The whole listing is to be written out again exactly; the pictures are not.

- _Dataset section_:
__________________________________________________

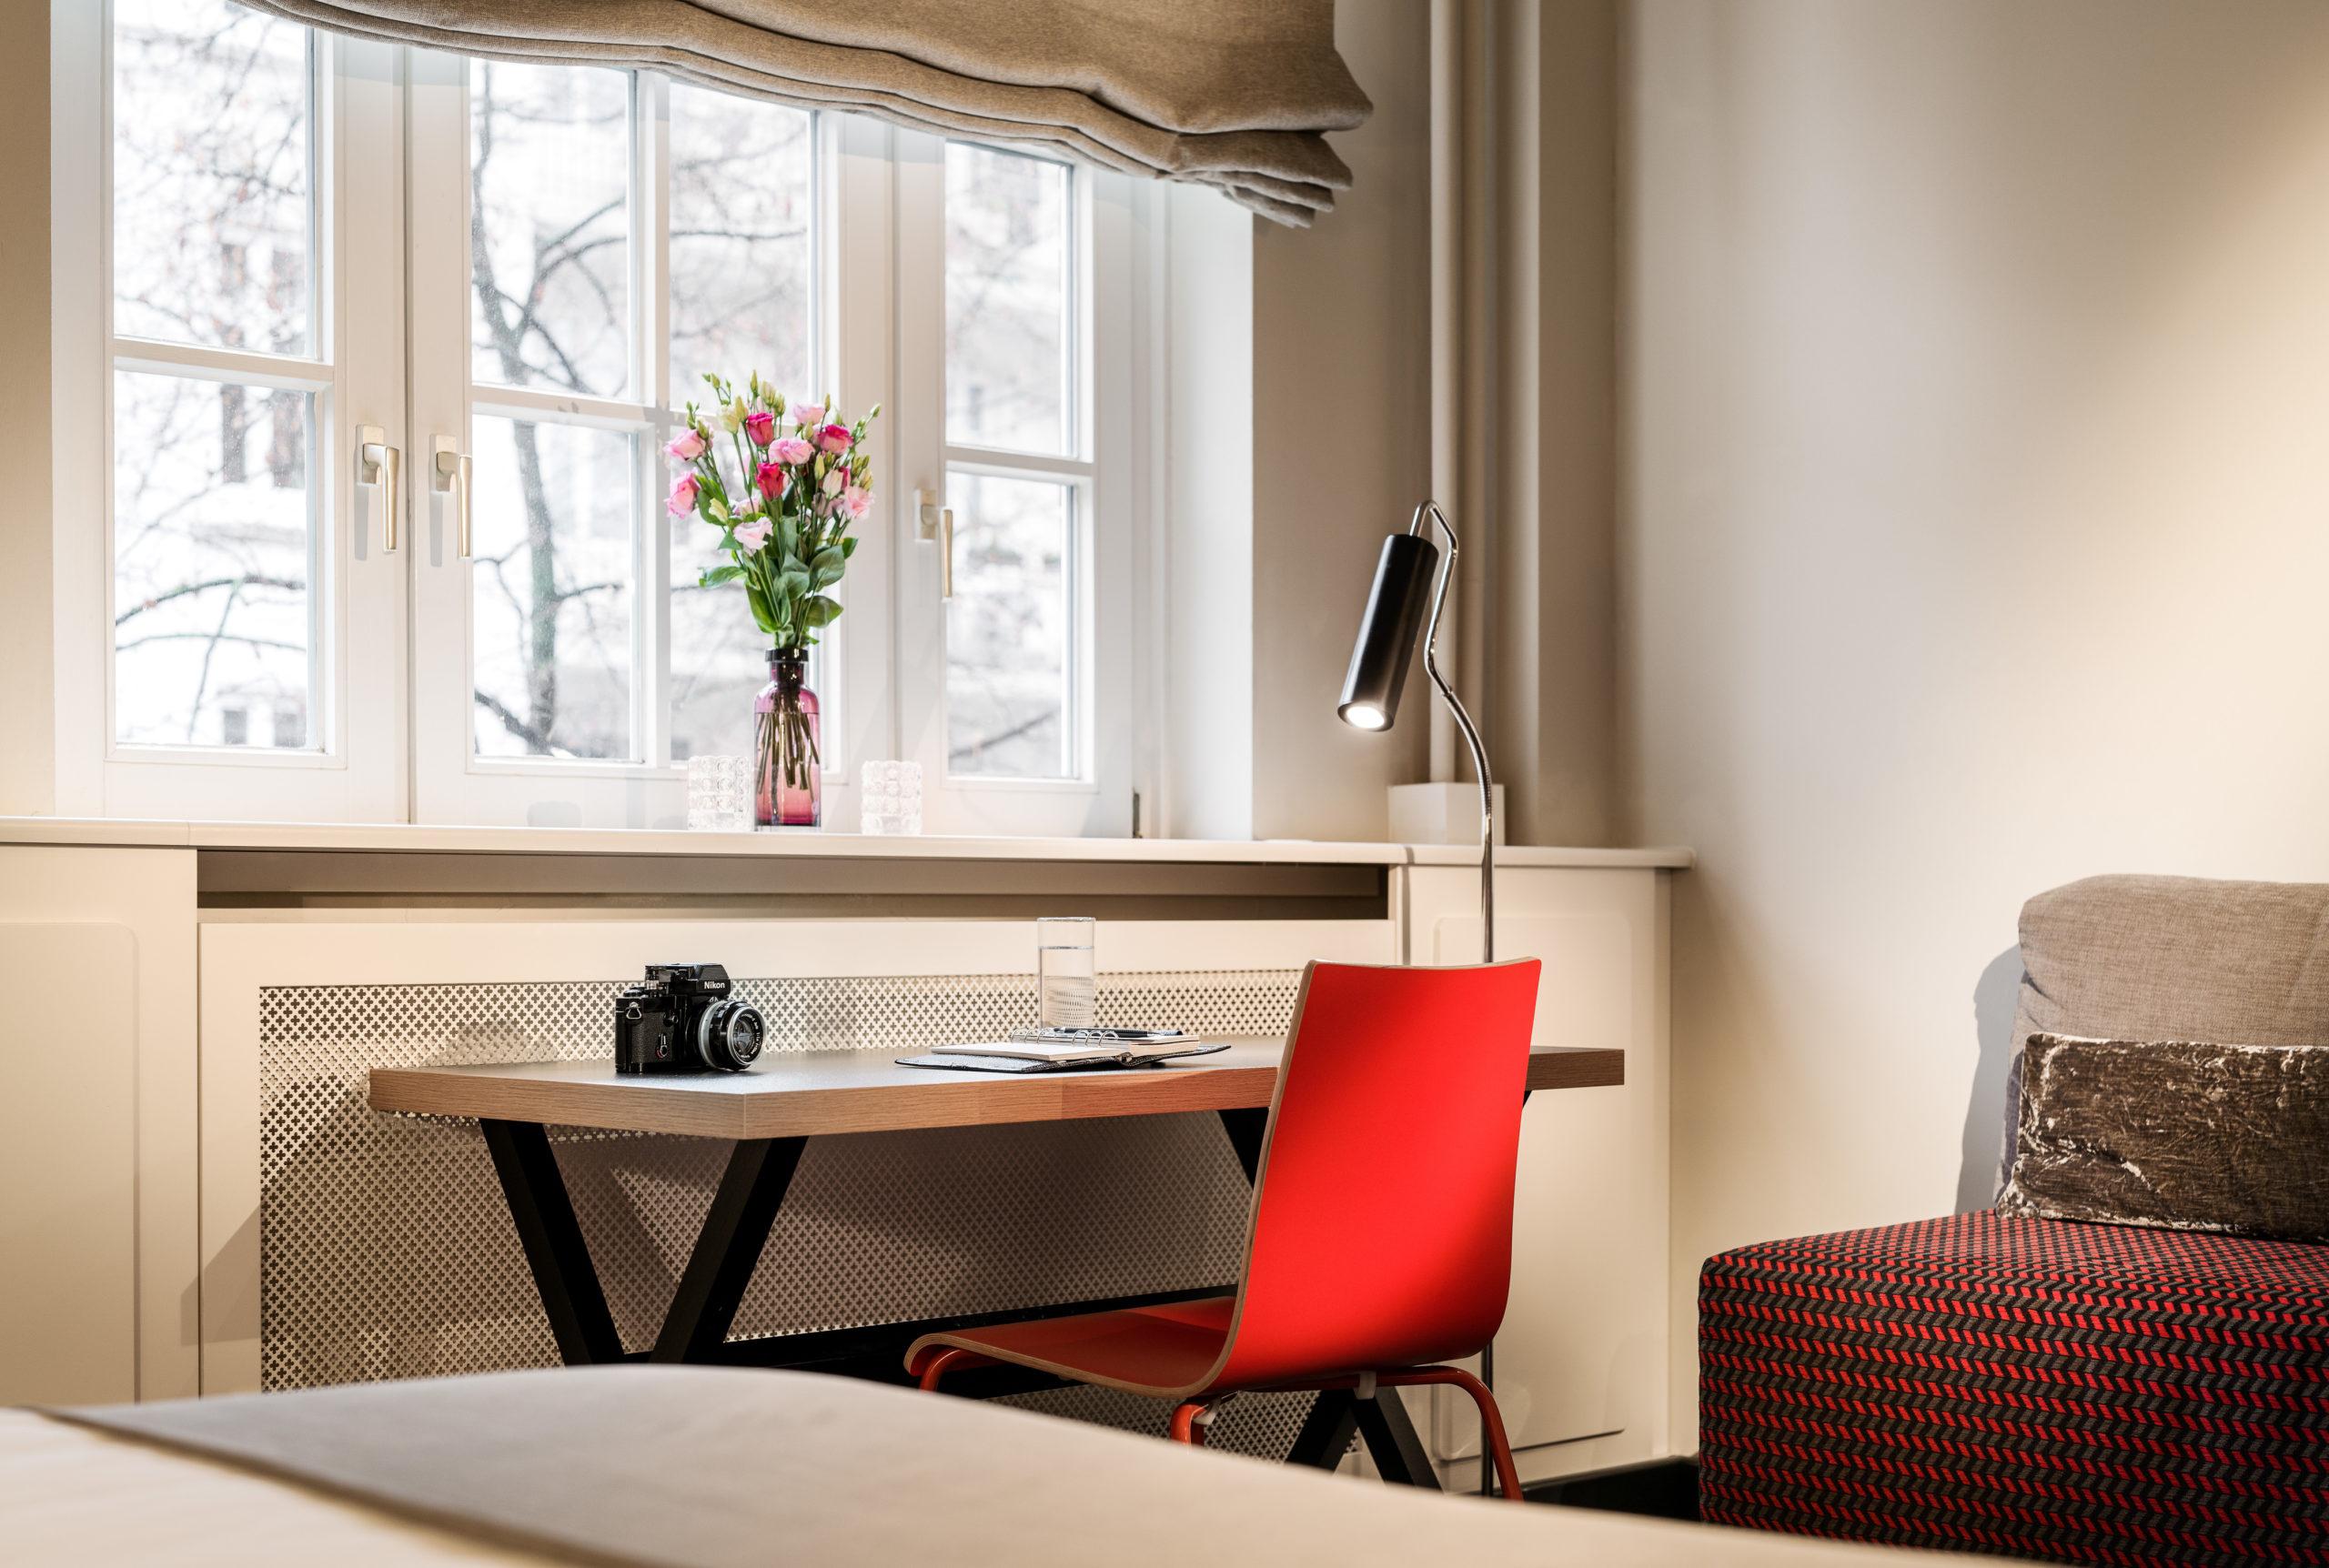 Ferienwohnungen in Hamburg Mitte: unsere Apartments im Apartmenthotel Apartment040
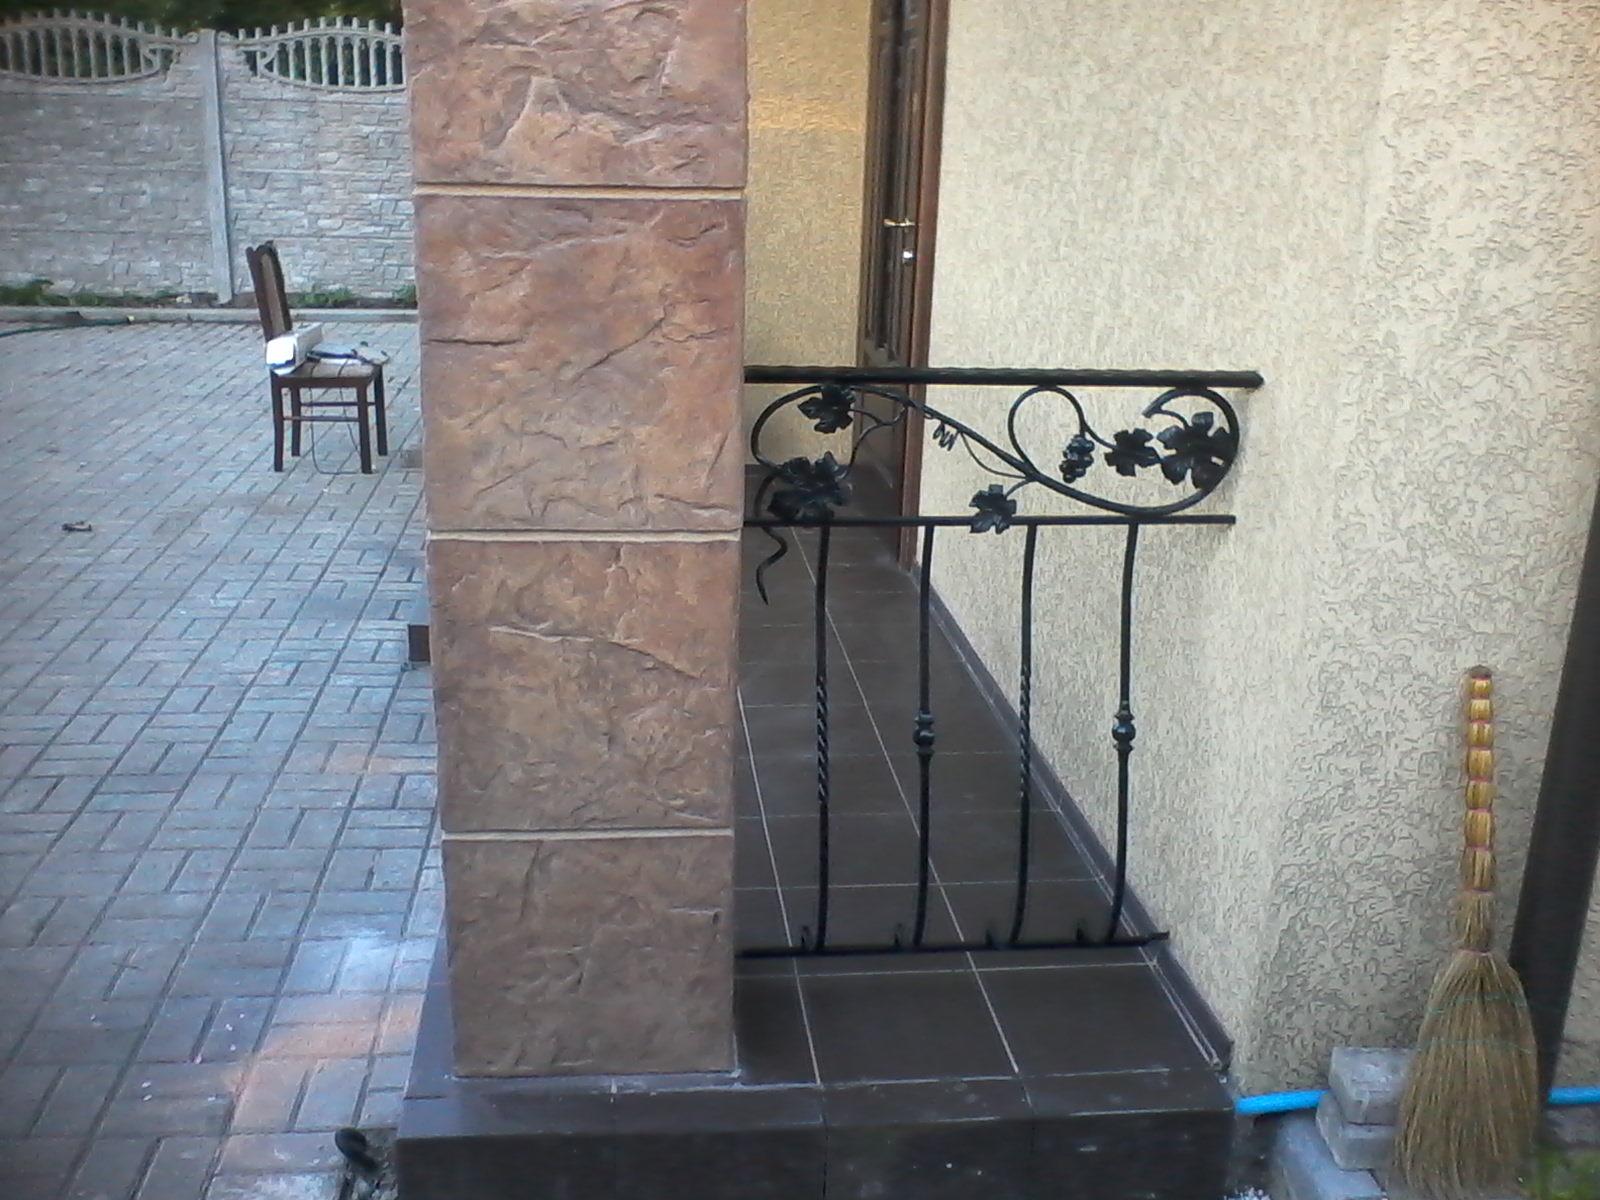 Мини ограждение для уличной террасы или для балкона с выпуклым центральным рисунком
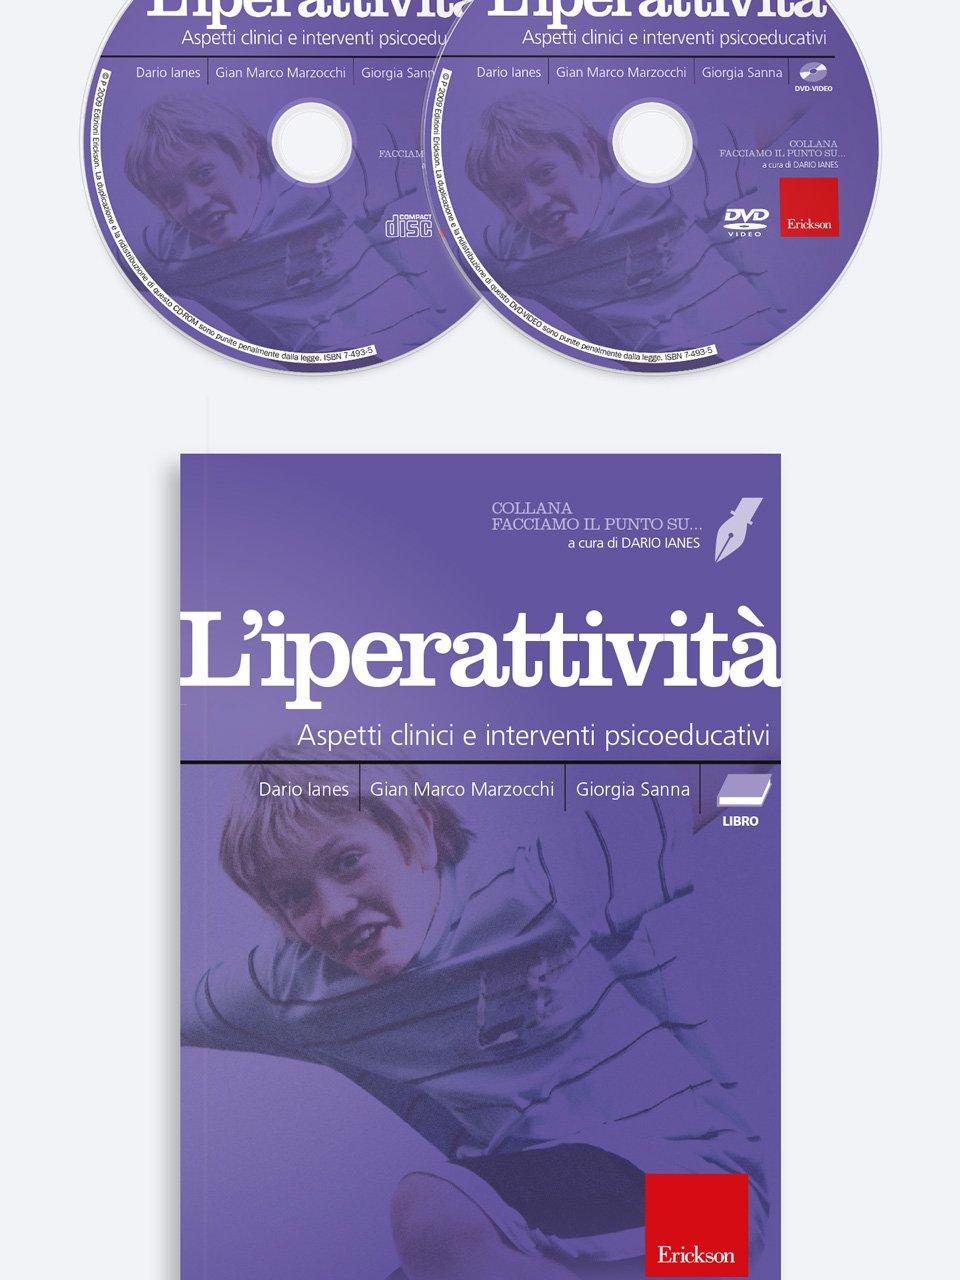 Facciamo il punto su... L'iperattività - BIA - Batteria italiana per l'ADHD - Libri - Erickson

__________________________________________________

- _Response below_:
 Ferienwohnungen in Hamburg Mitte: unsere Apartments im Apartmenthotel Apartment040
 Мини ограждение для уличной террасы или для балкона с выпуклым центральным рисунком
 Facciamo il punto su... L'iperattività - BIA - Batteria italiana per l'ADHD - Libri - Erickson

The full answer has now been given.